_BRIEF_.
Exactly as they stand, repeat the lines from the one containing "Clover Health jumps" through the final line of the listing, both ends included, and nothing else; skip the pictures.
INPUT DATA: Begin
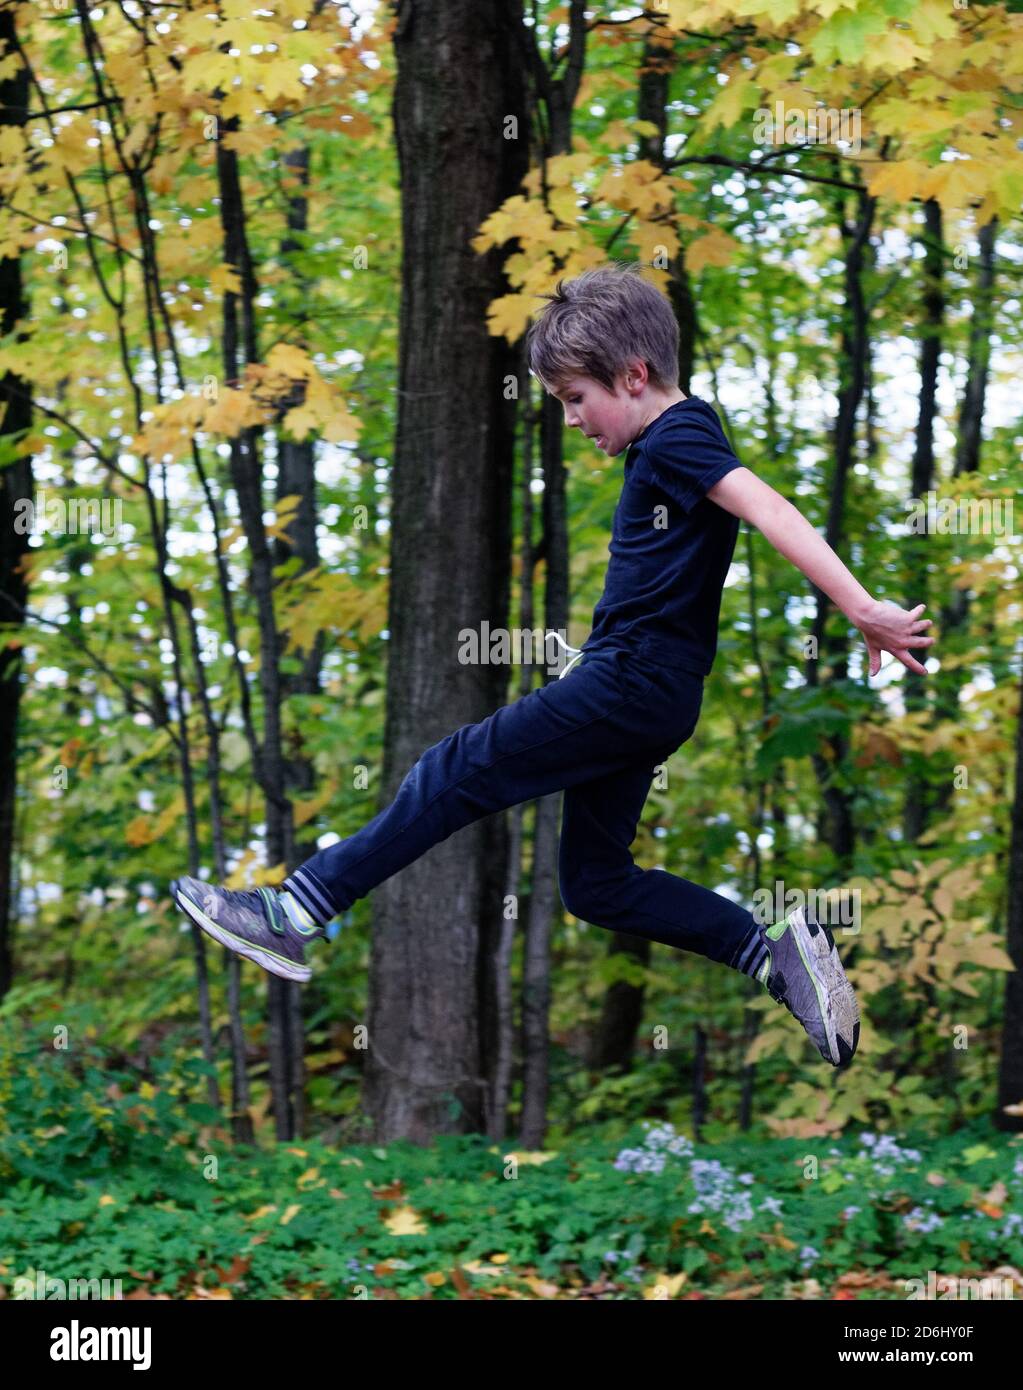 An athletic 8 year old boy jumping high in the air Stock Photo
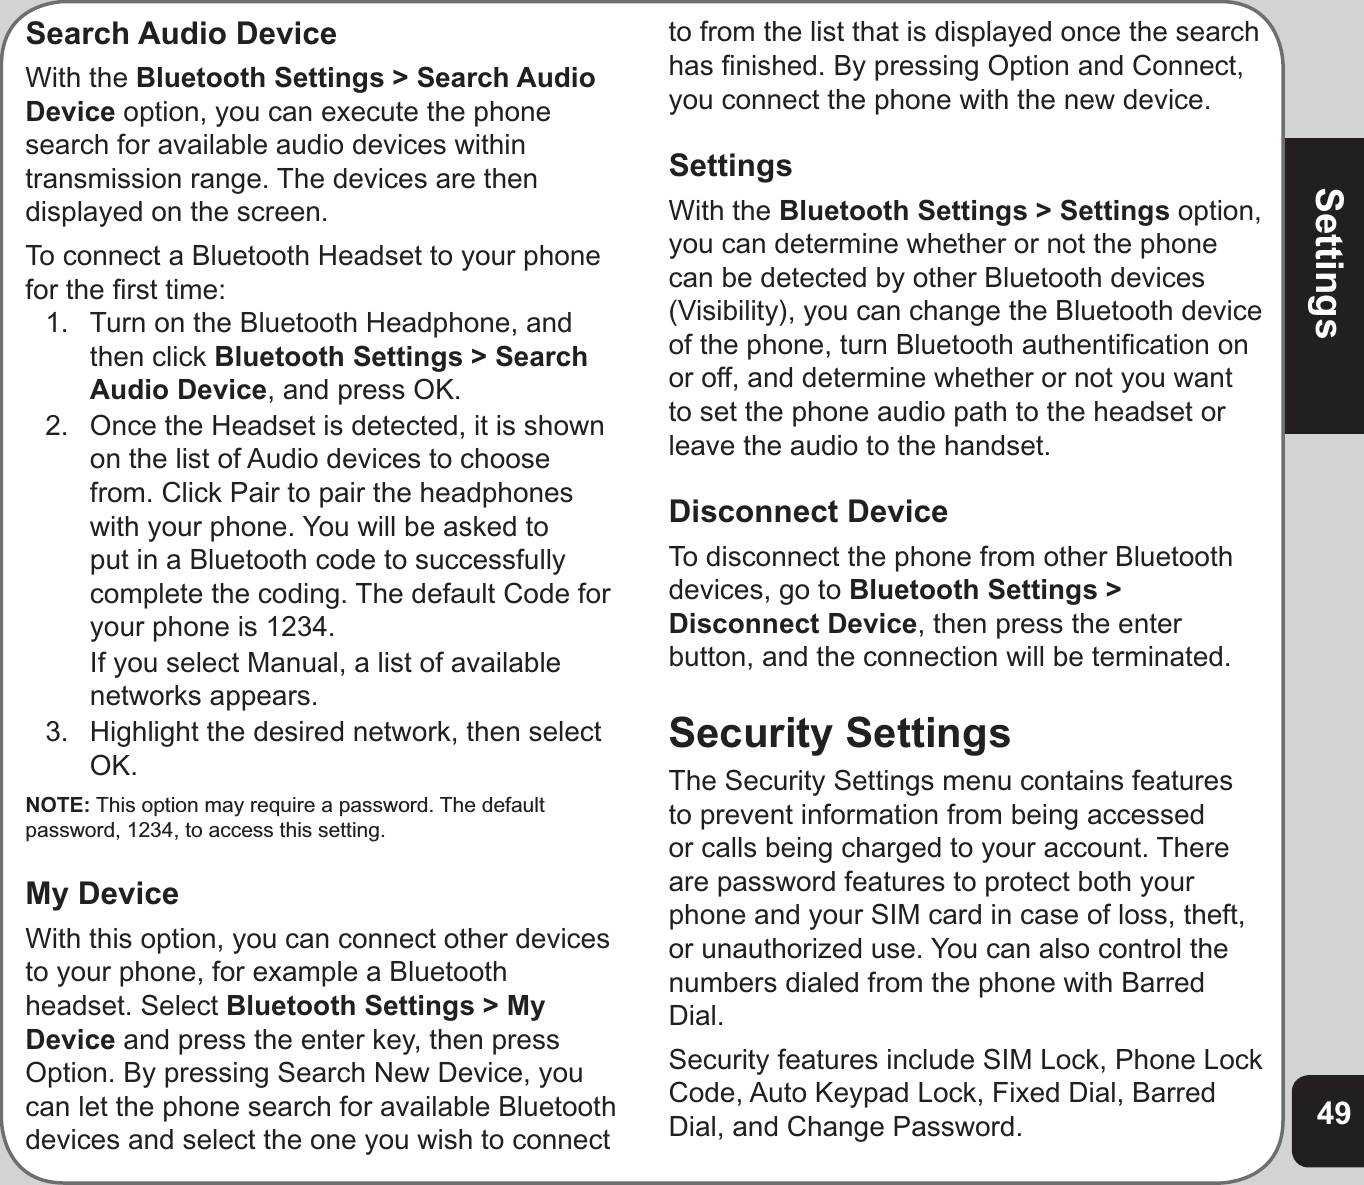 49SettingsSearch Audio DeviceWith the Bluetooth Settings &gt; Search Audio Device option, you can execute the phone search for available audio devices within transmission range. The devices are then displayed on the screen. To connect a Bluetooth Headset to your phone for the ﬁ rst time: 1.   Turn on the Bluetooth Headphone, and then click Bluetooth Settings &gt; Search Audio Device, and press OK.2.  Once the Headset is detected, it is shown on the list of Audio devices to choose from. Click Pair to pair the headphones with your phone. You will be asked to put in a Bluetooth code to successfully complete the coding. The default Code for your phone is 1234.   If you select Manual, a list of available networks appears. 3.  Highlight the desired network, then select OK.NOTE: This option may require a password. The default password, 1234, to access this setting. My DeviceWith this option, you can connect other devices to your phone, for example a Bluetooth headset. Select Bluetooth Settings &gt; My Device and press the enter key, then press Option. By pressing Search New Device, you can let the phone search for available Bluetooth devices and select the one you wish to connect to from the list that is displayed once the search has ﬁ nished. By pressing Option and Connect, you connect the phone with the new device.SettingsWith the Bluetooth Settings &gt; Settings option, you can determine whether or not the phone can be detected by other Bluetooth devices (Visibility), you can change the Bluetooth device of the phone, turn Bluetooth authentiﬁ cation on or off, and determine whether or not you want to set the phone audio path to the headset or leave the audio to the handset.Disconnect DeviceTo disconnect the phone from other Bluetooth devices, go to Bluetooth Settings &gt; Disconnect Device, then press the enter button, and the connection will be terminated. Security SettingsThe Security Settings menu contains features to prevent information from being accessed or calls being charged to your account. There are password features to protect both your phone and your SIM card in case of loss, theft, or unauthorized use. You can also control the numbers dialed from the phone with Barred Dial.Security features include SIM Lock, Phone Lock Code, Auto Keypad Lock, Fixed Dial, Barred Dial, and Change Password.
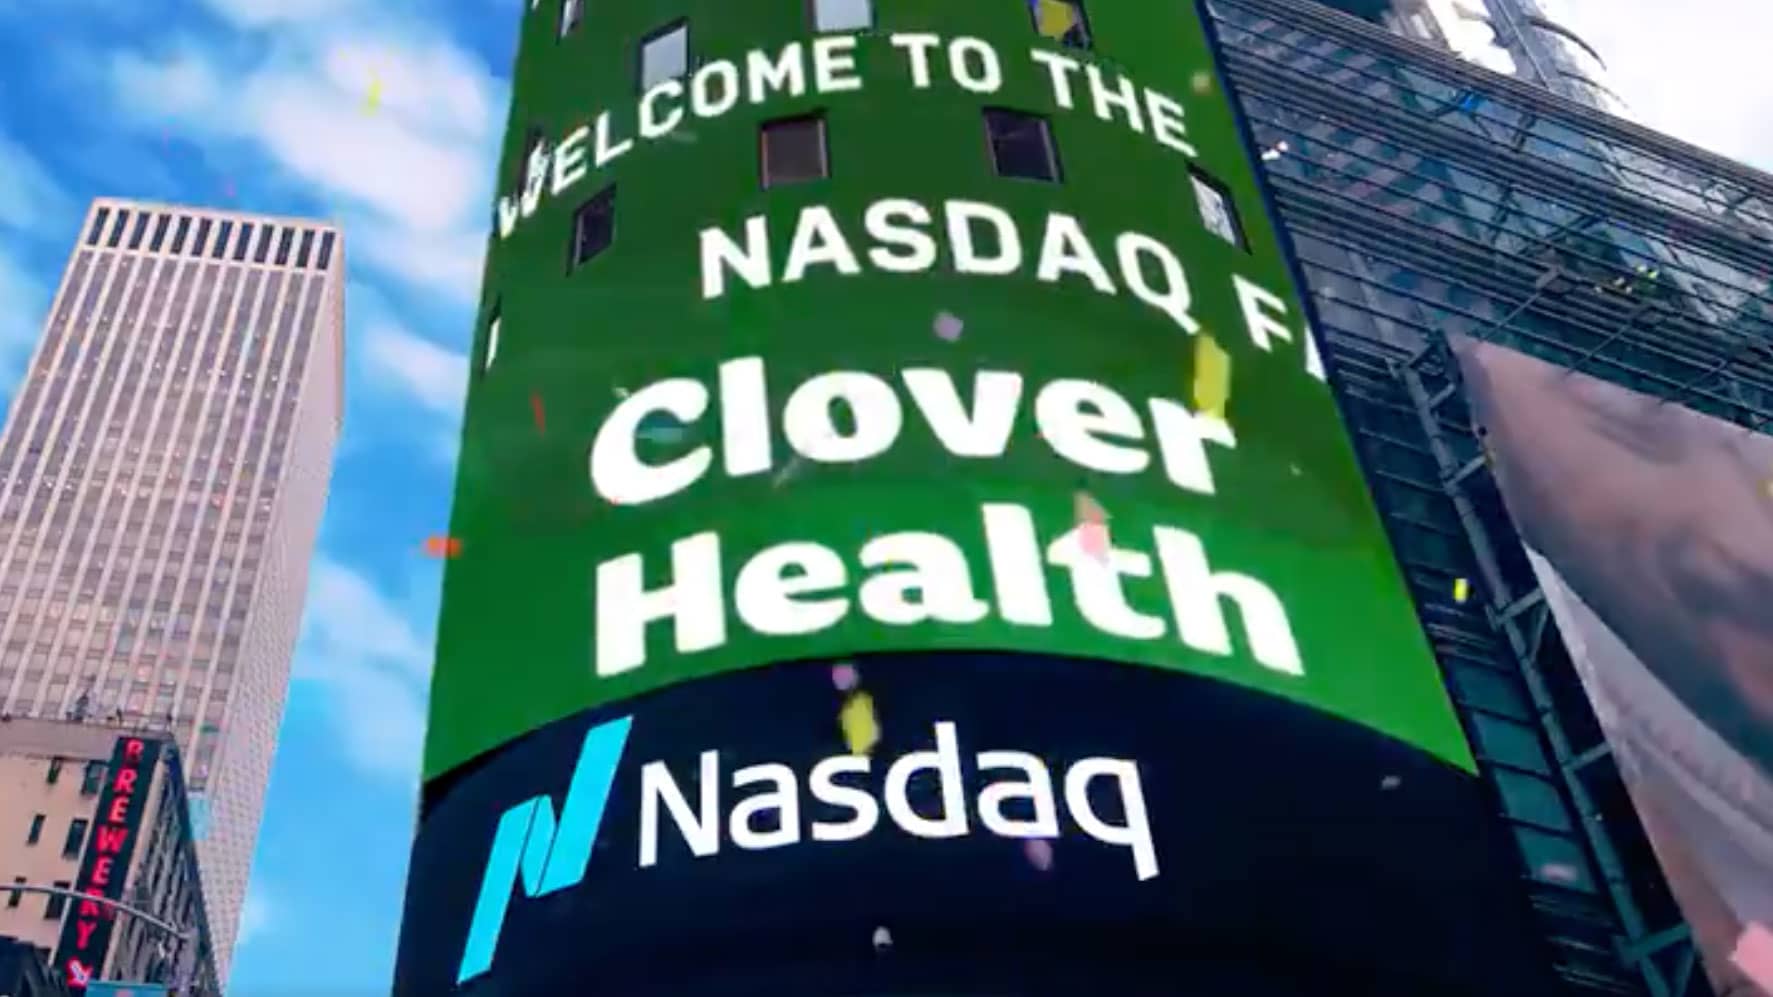 Clover Health jumps 14% in premarket trading as frenzy continues. Shares are up 150% this week
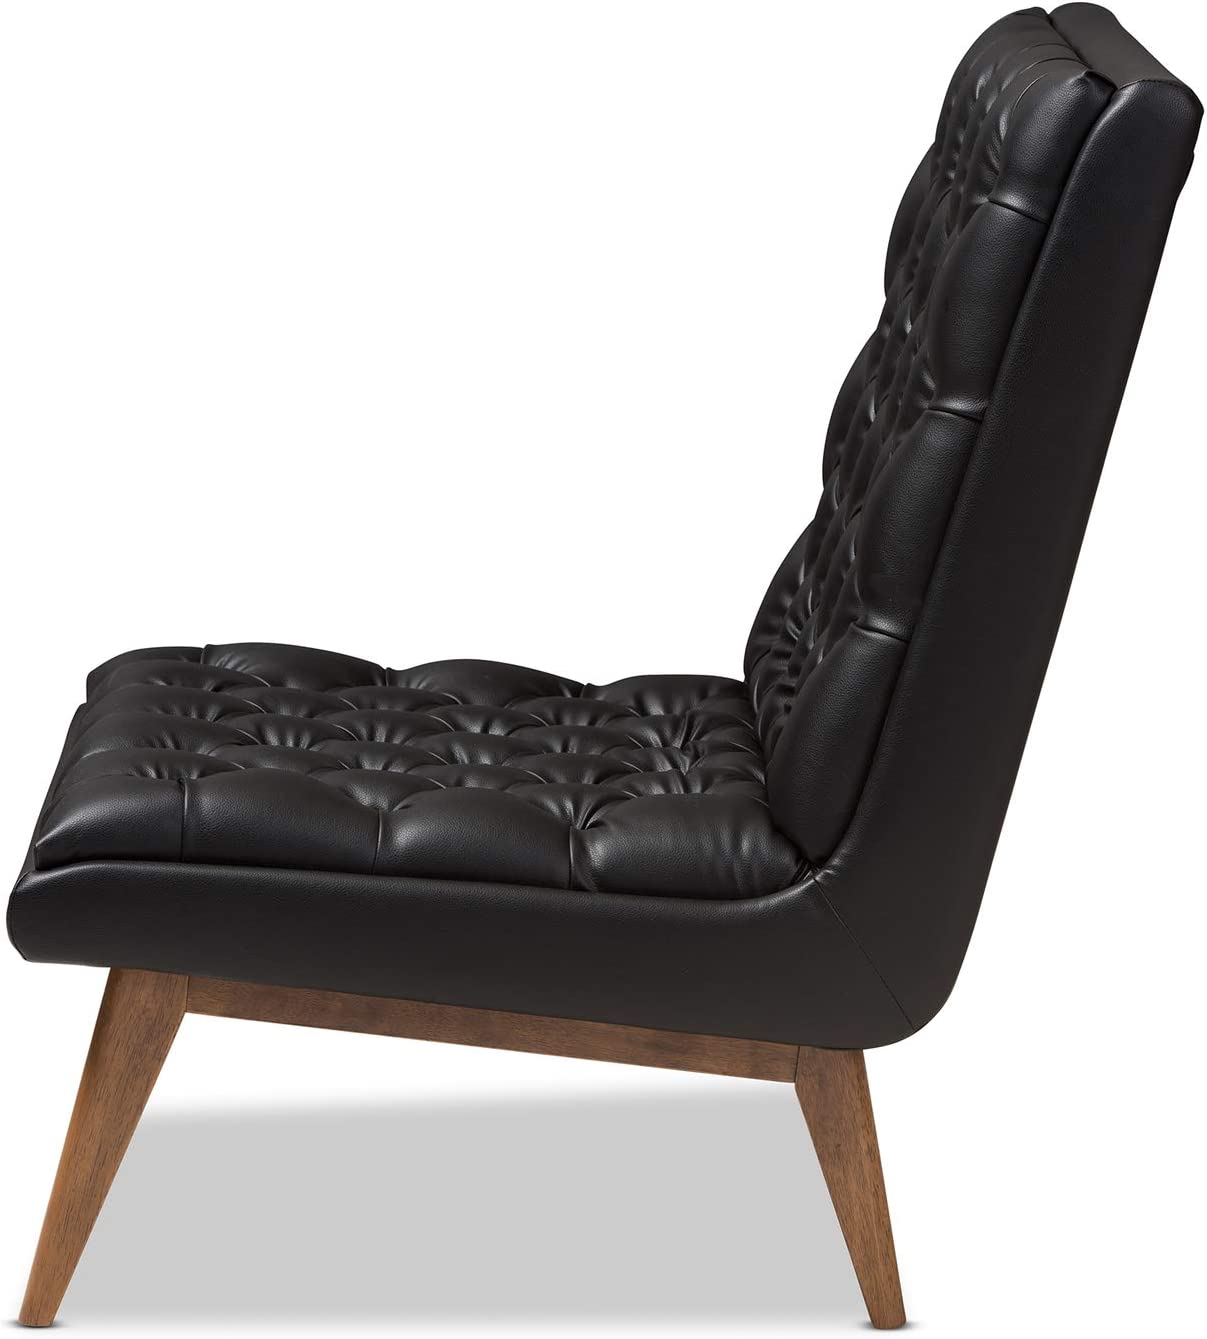 Baxton Studio Annetha Mid-Century Modern Black Faux Leather Upholstered Walnut Finished Wood Lounge Chair
INPUT DATA: End
_REPLY TO THE EXERCISE_.
 Clover Health jumps 14% in premarket trading as frenzy continues. Shares are up 150% this week
 Baxton Studio Annetha Mid-Century Modern Black Faux Leather Upholstered Walnut Finished Wood Lounge Chair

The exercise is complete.